- _TASK BRIEF_
Among the entries below, find the line with "Срок приема заявок" and the line with "El premiado, Francisco". Return exactly those lines and every line between them, but no pictures.

- _RECORDS PROVIDED_

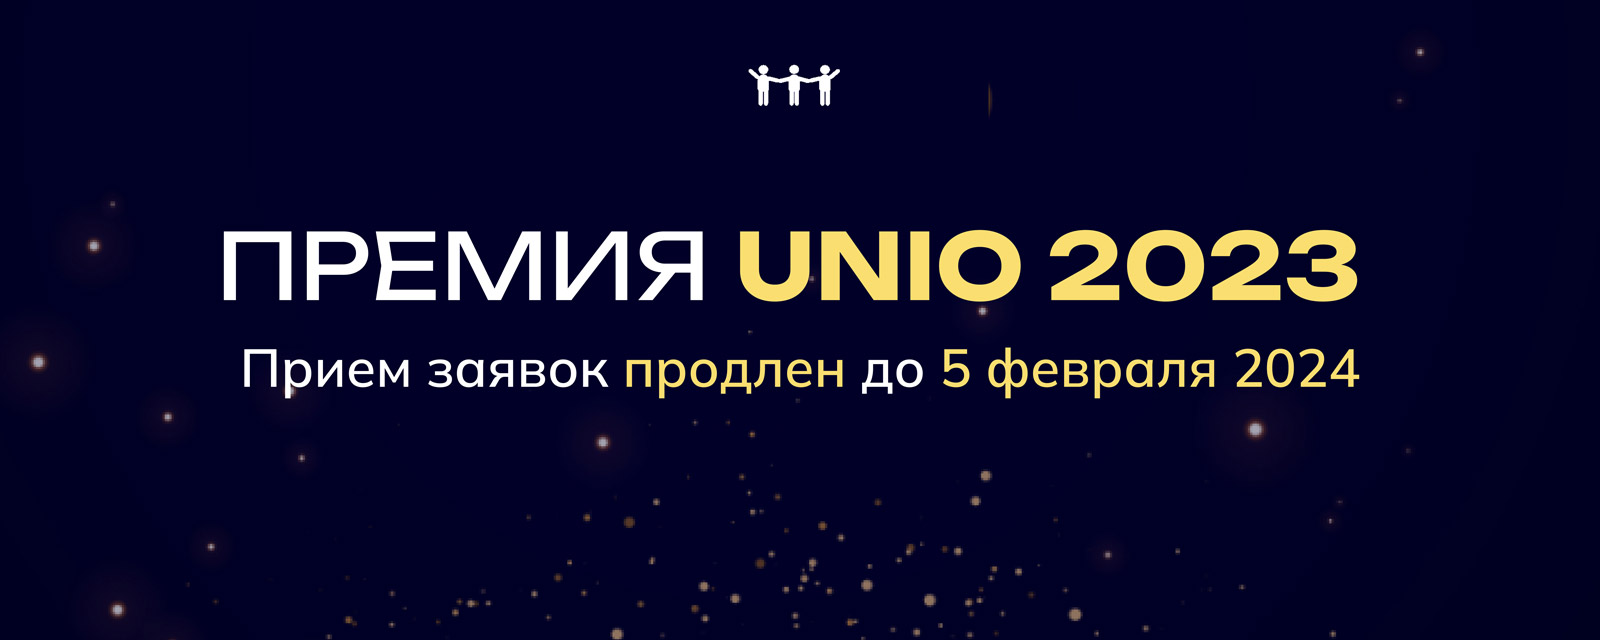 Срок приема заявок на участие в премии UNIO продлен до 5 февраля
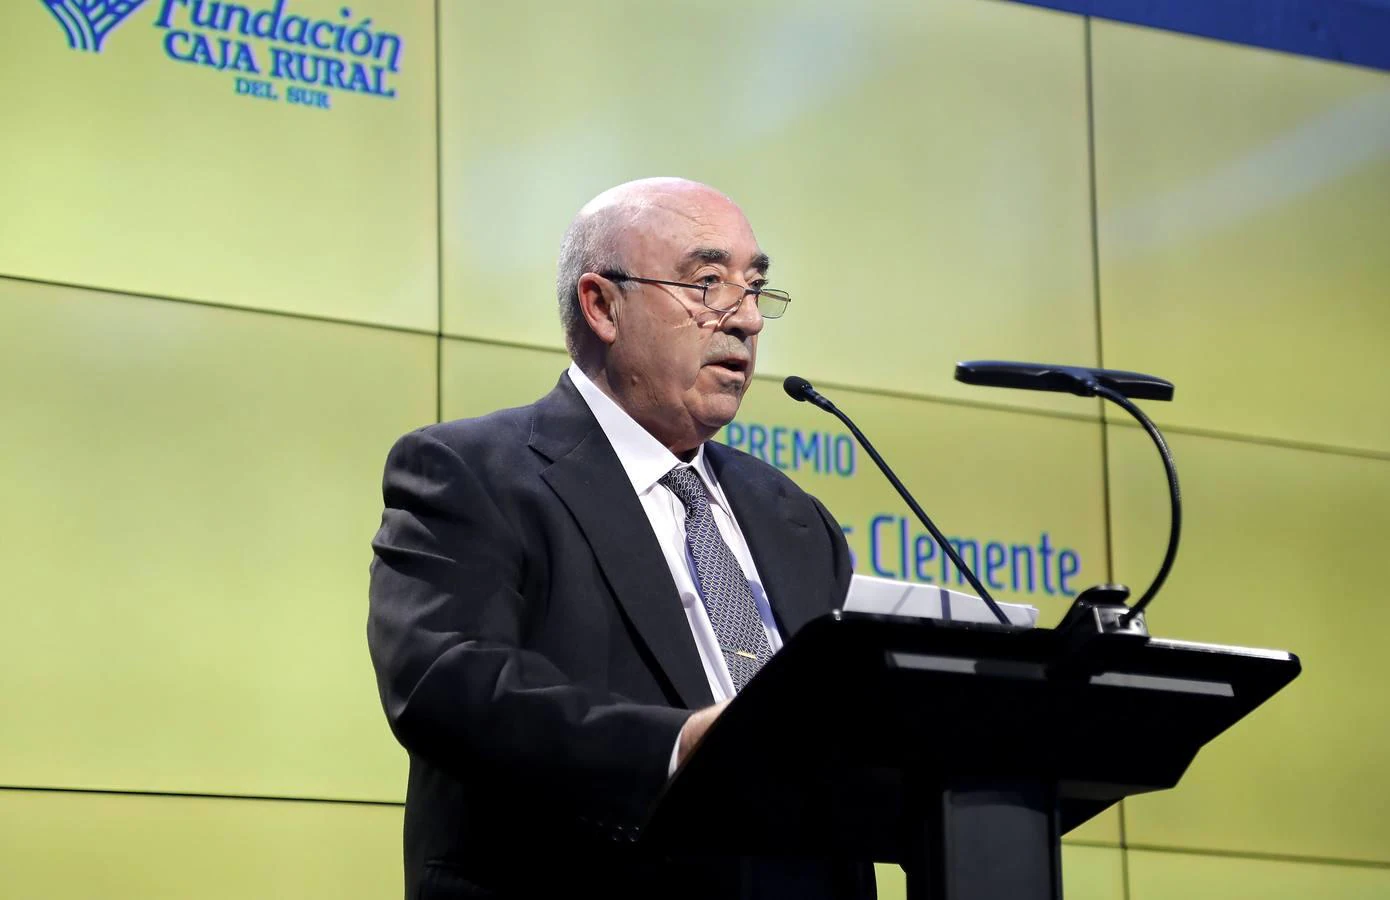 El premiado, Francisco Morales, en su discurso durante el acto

* * *

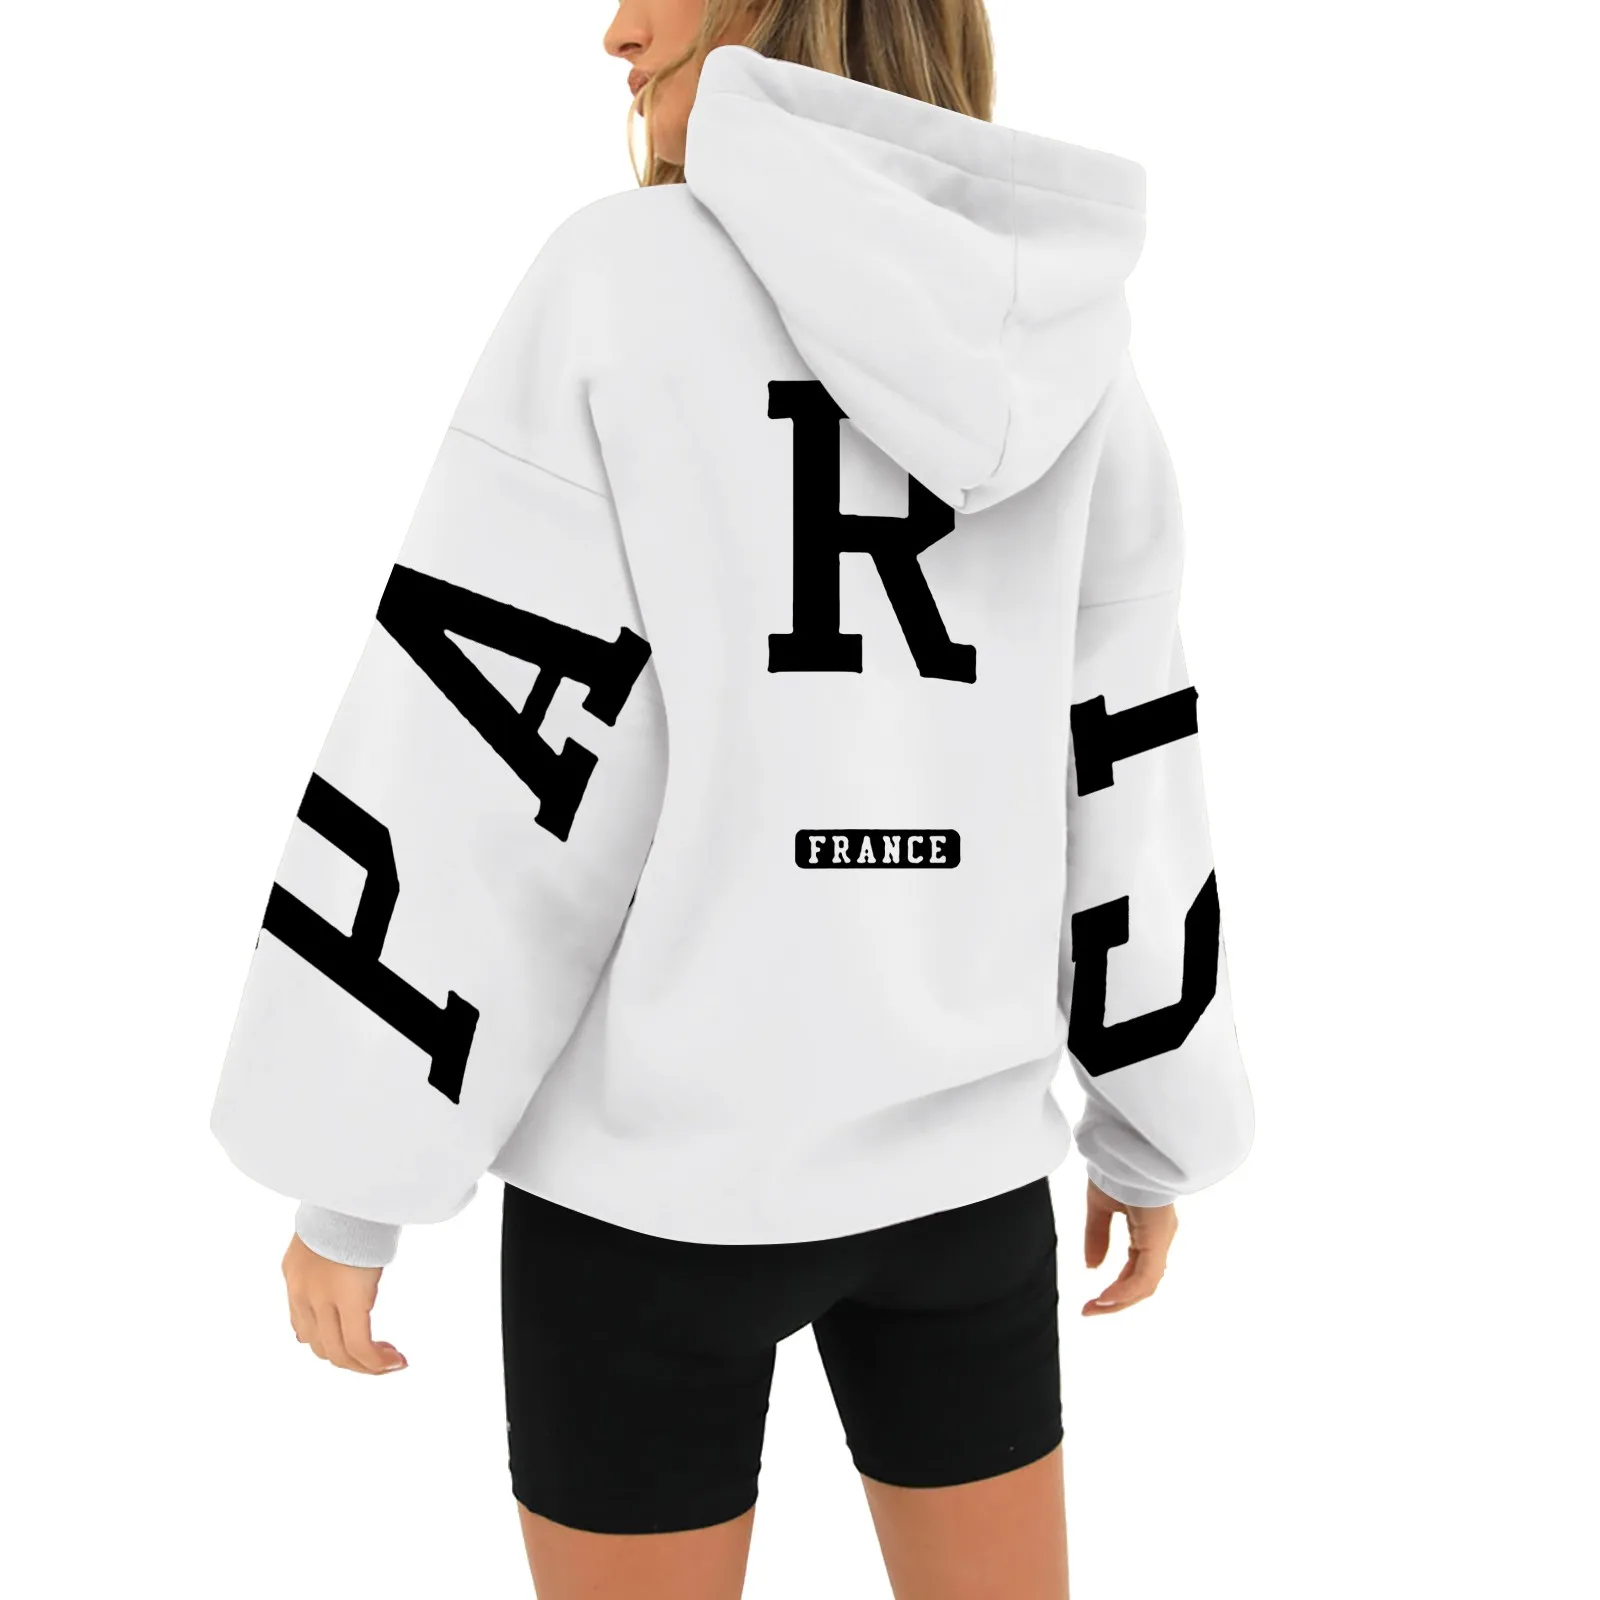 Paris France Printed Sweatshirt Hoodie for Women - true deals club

--

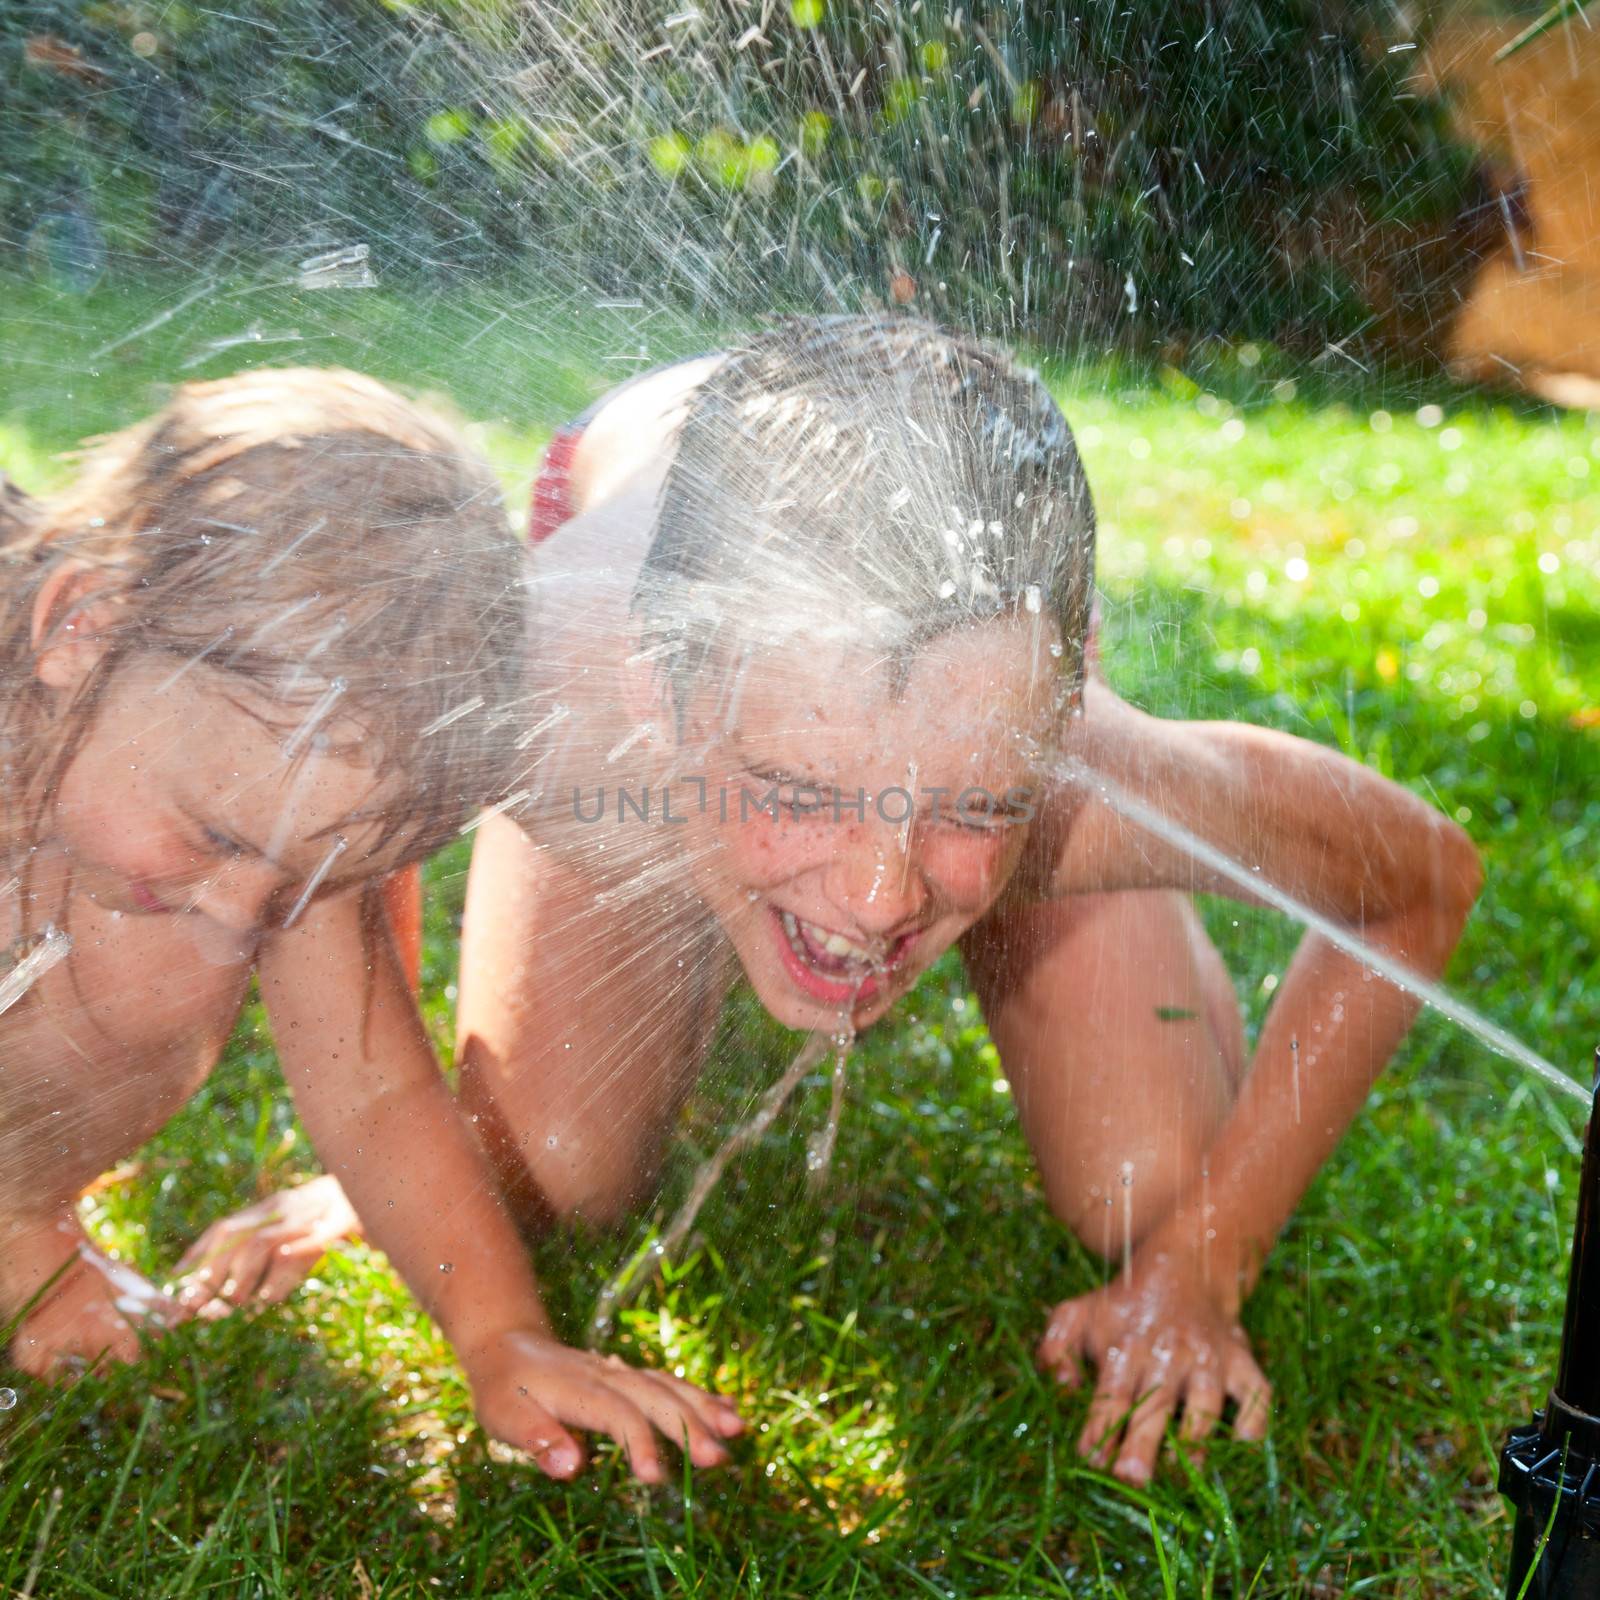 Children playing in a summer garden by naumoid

- _SOLUTION TO THIS TASK_
 Срок приема заявок на участие в премии UNIO продлен до 5 февраля
 El premiado, Francisco Morales, en su discurso durante el acto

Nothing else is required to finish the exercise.